Work request: Line by line, retype the material exactly and leave each picture out.
+++ Records for the exercise
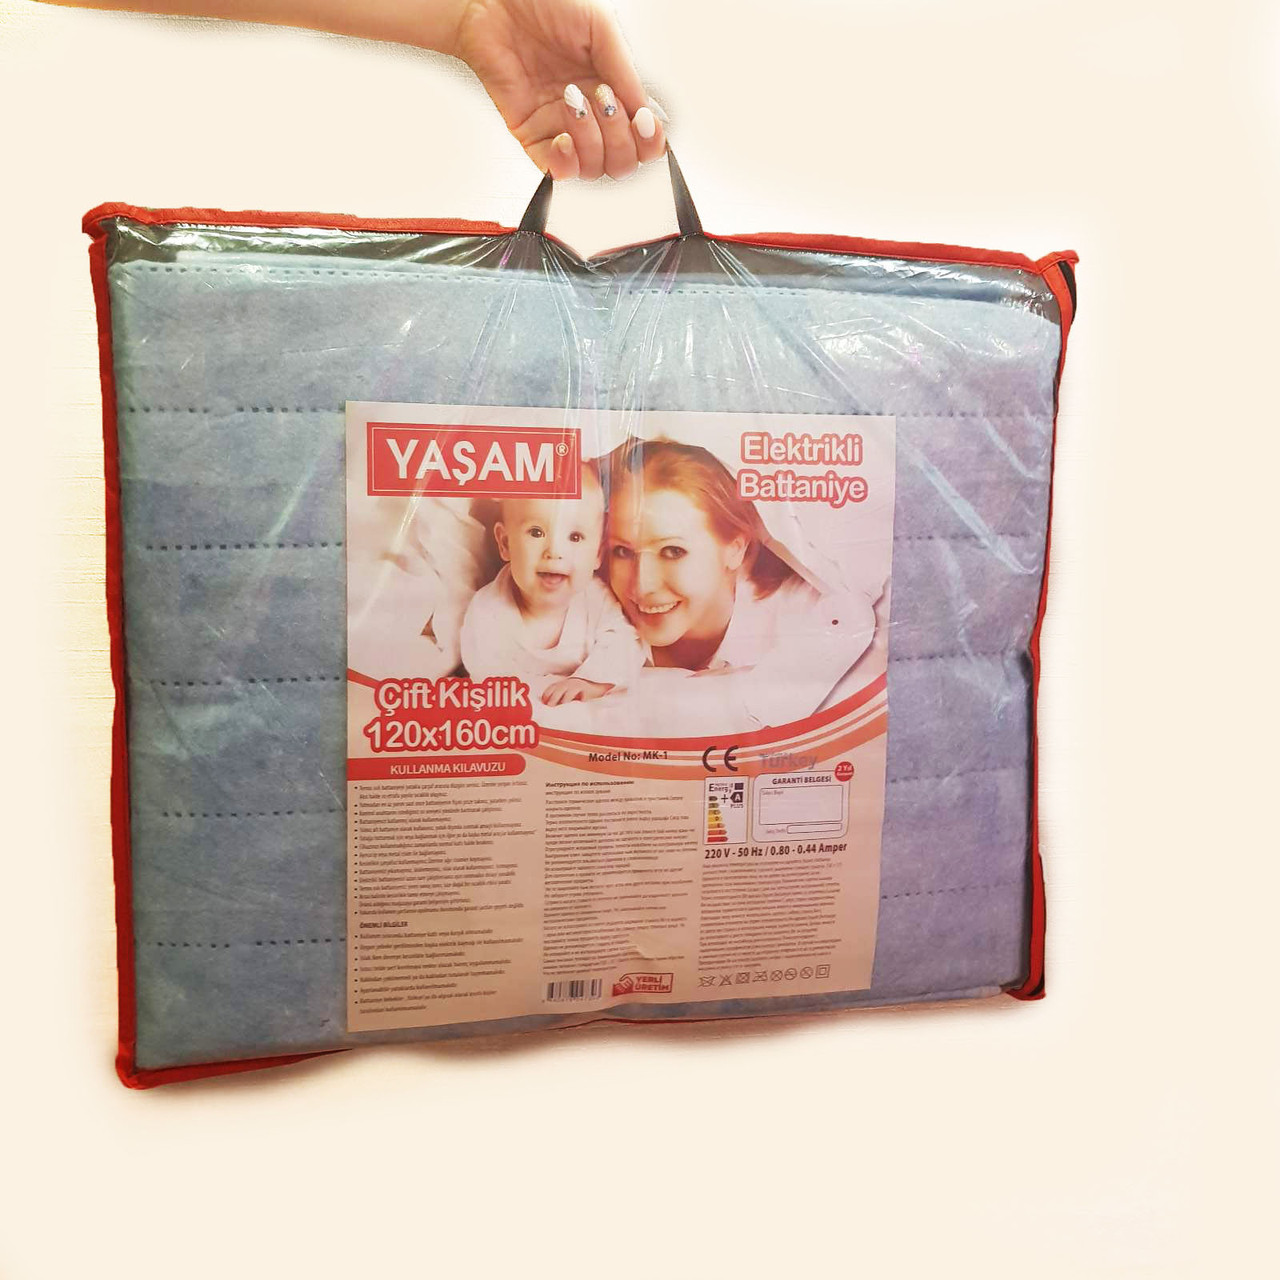 Yasam / Электрическая простынь YASAM 120x160 - Турция (Электро простынь - термошов - байка)
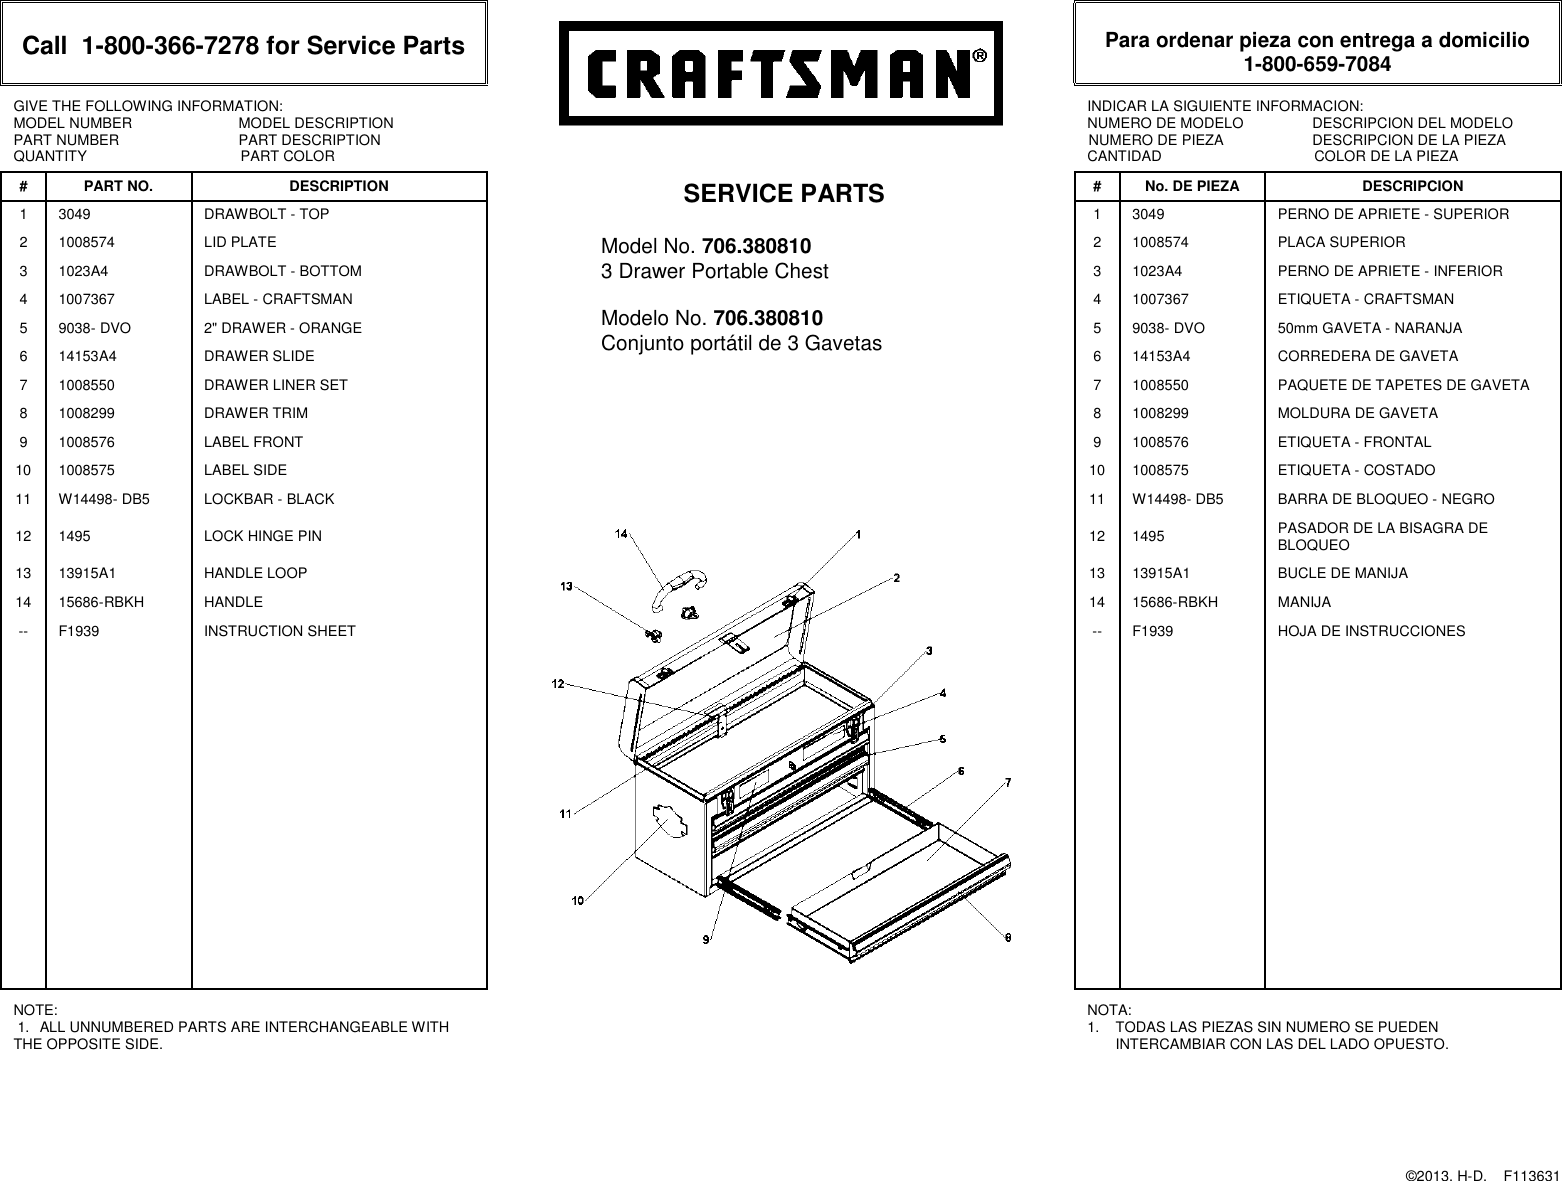 Page 1 of 1 - Craftsman Craftsman-Harley-Davidson-Portable-Chest-Service-Parts-  Craftsman-harley-davidson-portable-chest-service-parts
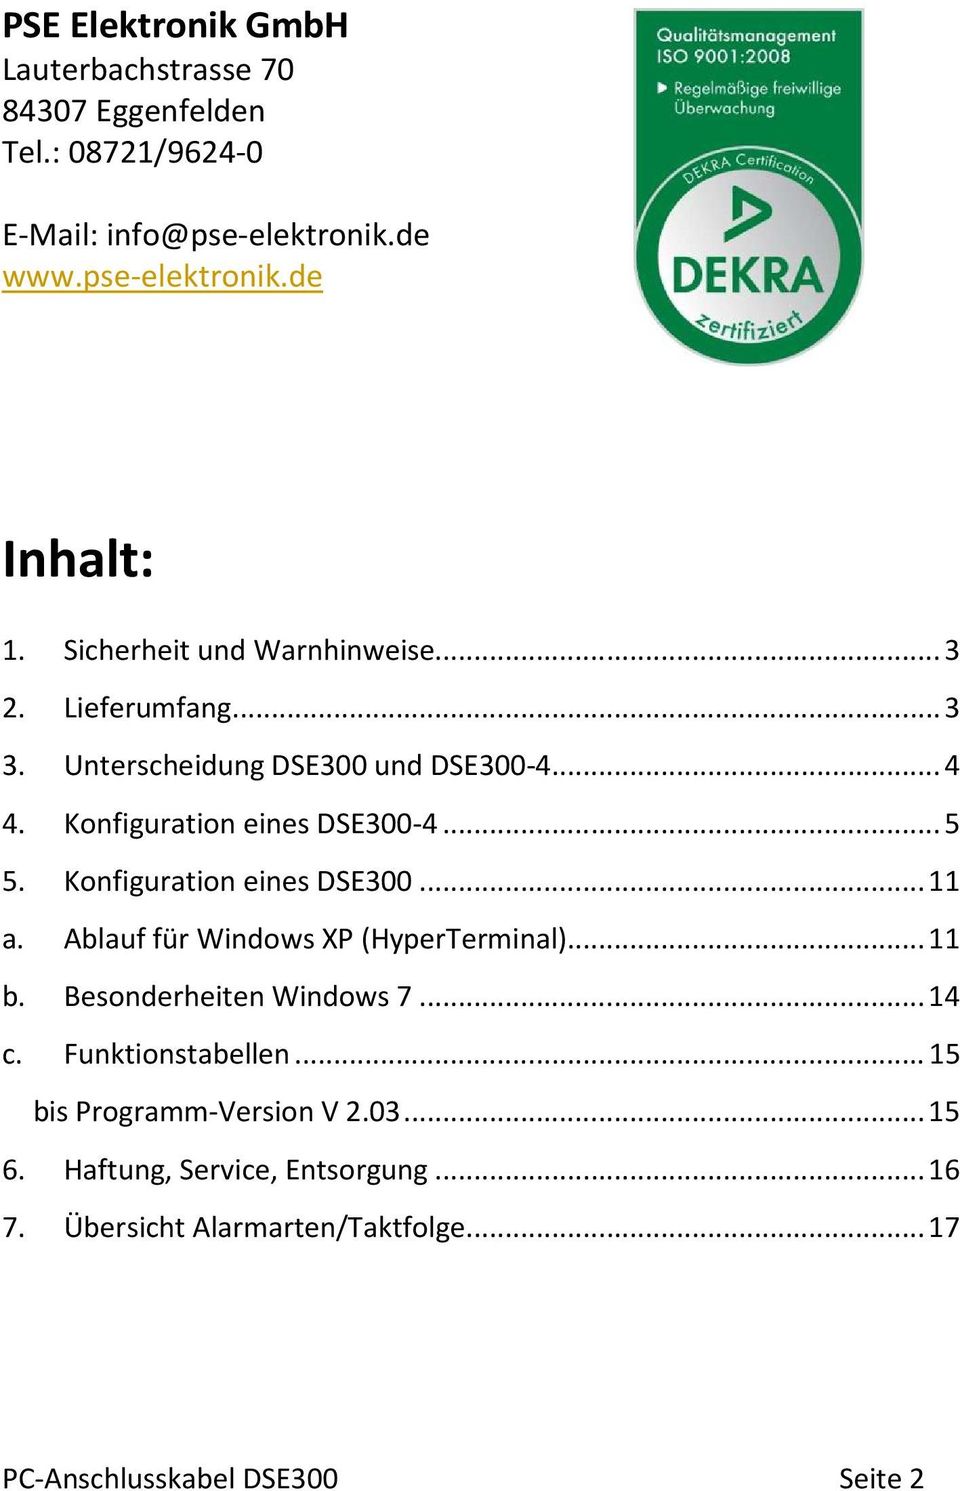 Konfiguration eines DSE300... 11 a. Ablauf für Windows XP (HyperTerminal)... 11 b. Besonderheiten Windows 7... 14 c. Funktionstabellen.
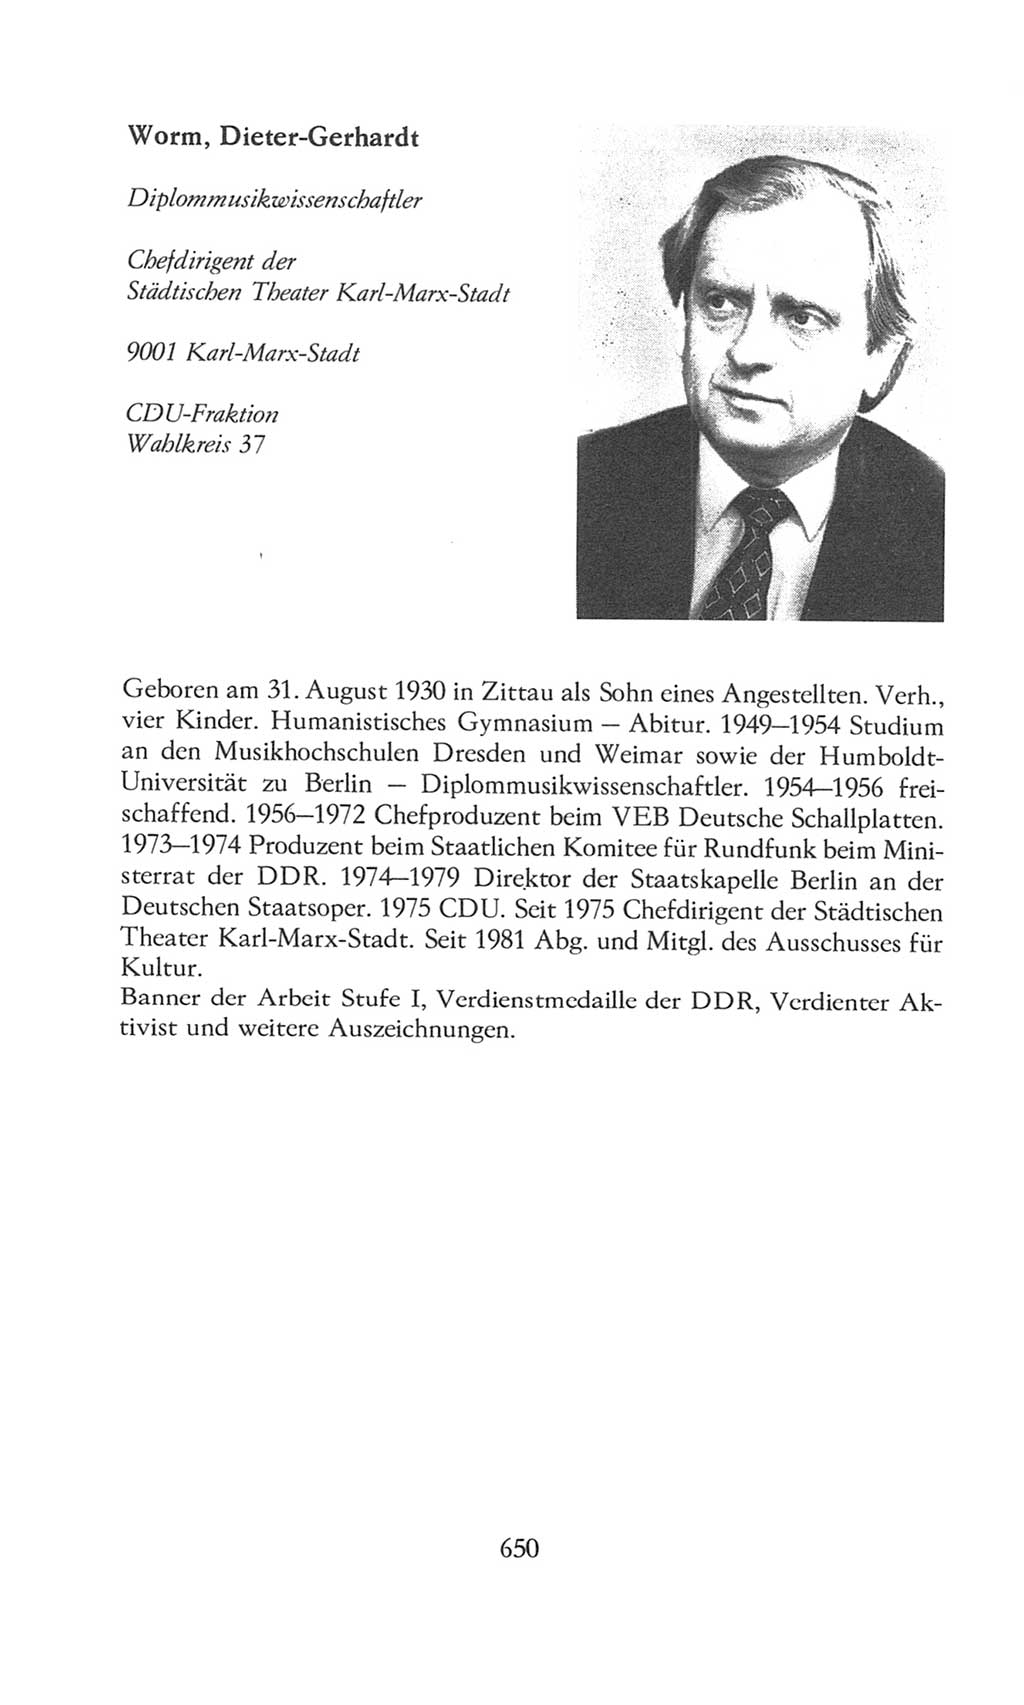 Volkskammer (VK) der Deutschen Demokratischen Republik (DDR), 8. Wahlperiode 1981-1986, Seite 650 (VK. DDR 8. WP. 1981-1986, S. 650)
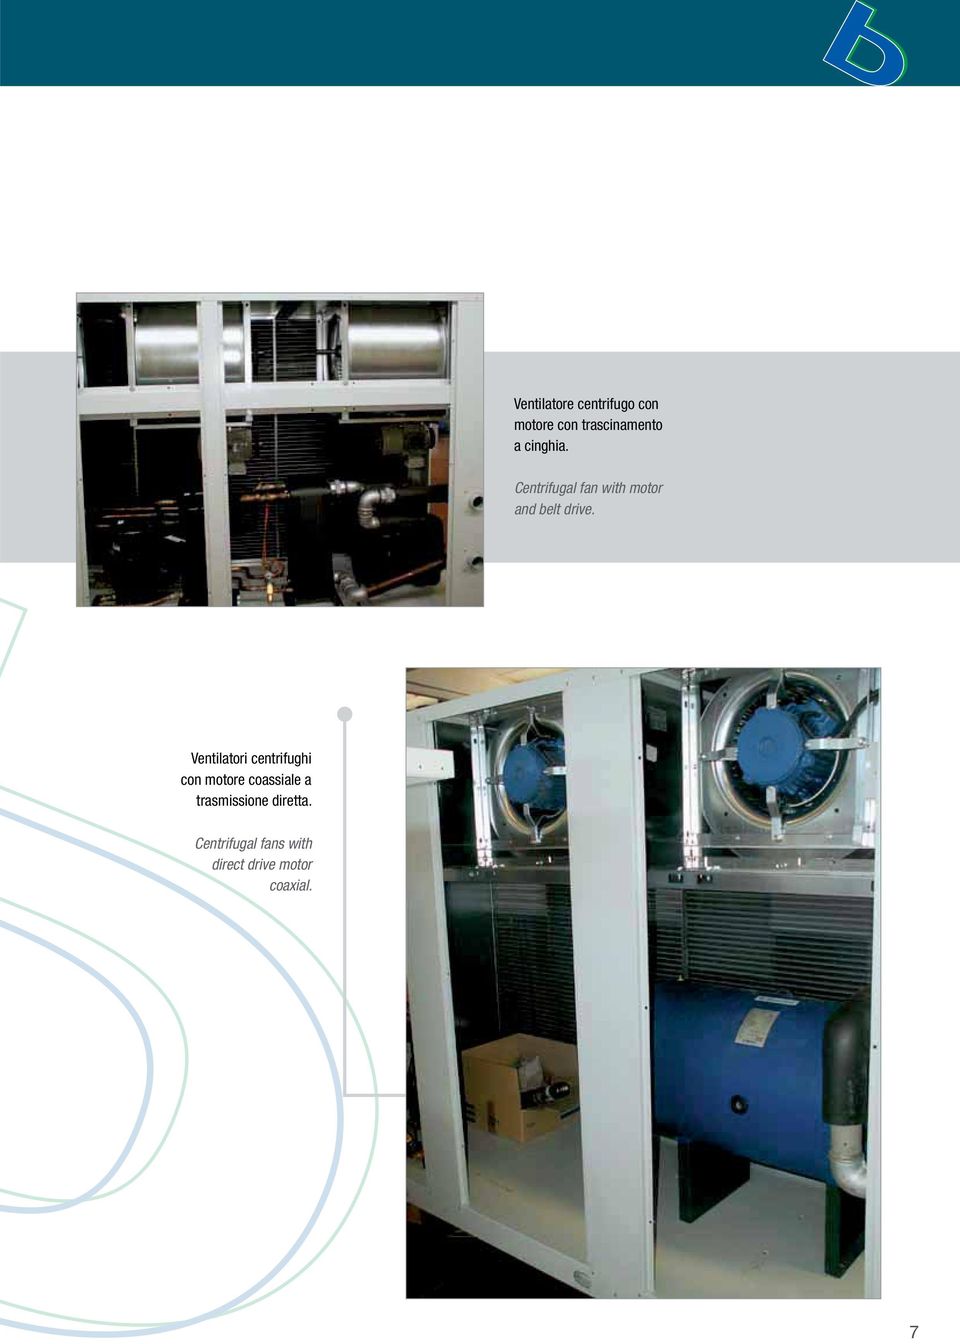 Ventilatori centrifughi con motore coassiale a
++++++
Exercise result:
 Yasam / Электрическая простынь YASAM 120x160 - Турция (Электро простынь - термошов - байка)
 Page 1 of 1 - Craftsman Craftsman-Harley-Davidson-Portable-Chest-Service-Parts-  Craftsman-harley-davidson-portable-chest-service-parts
 Konfiguration eines DSE300... 11 a. Ablauf für Windows XP (HyperTerminal)... 11 b. Besonderheiten Windows 7... 14 c. Funktionstabellen.
 Volkskammer (VK) der Deutschen Demokratischen Republik (DDR), 8. Wahlperiode 1981-1986, Seite 650 (VK. DDR 8. WP. 1981-1986, S. 650)
 Ventilatori centrifughi con motore coassiale a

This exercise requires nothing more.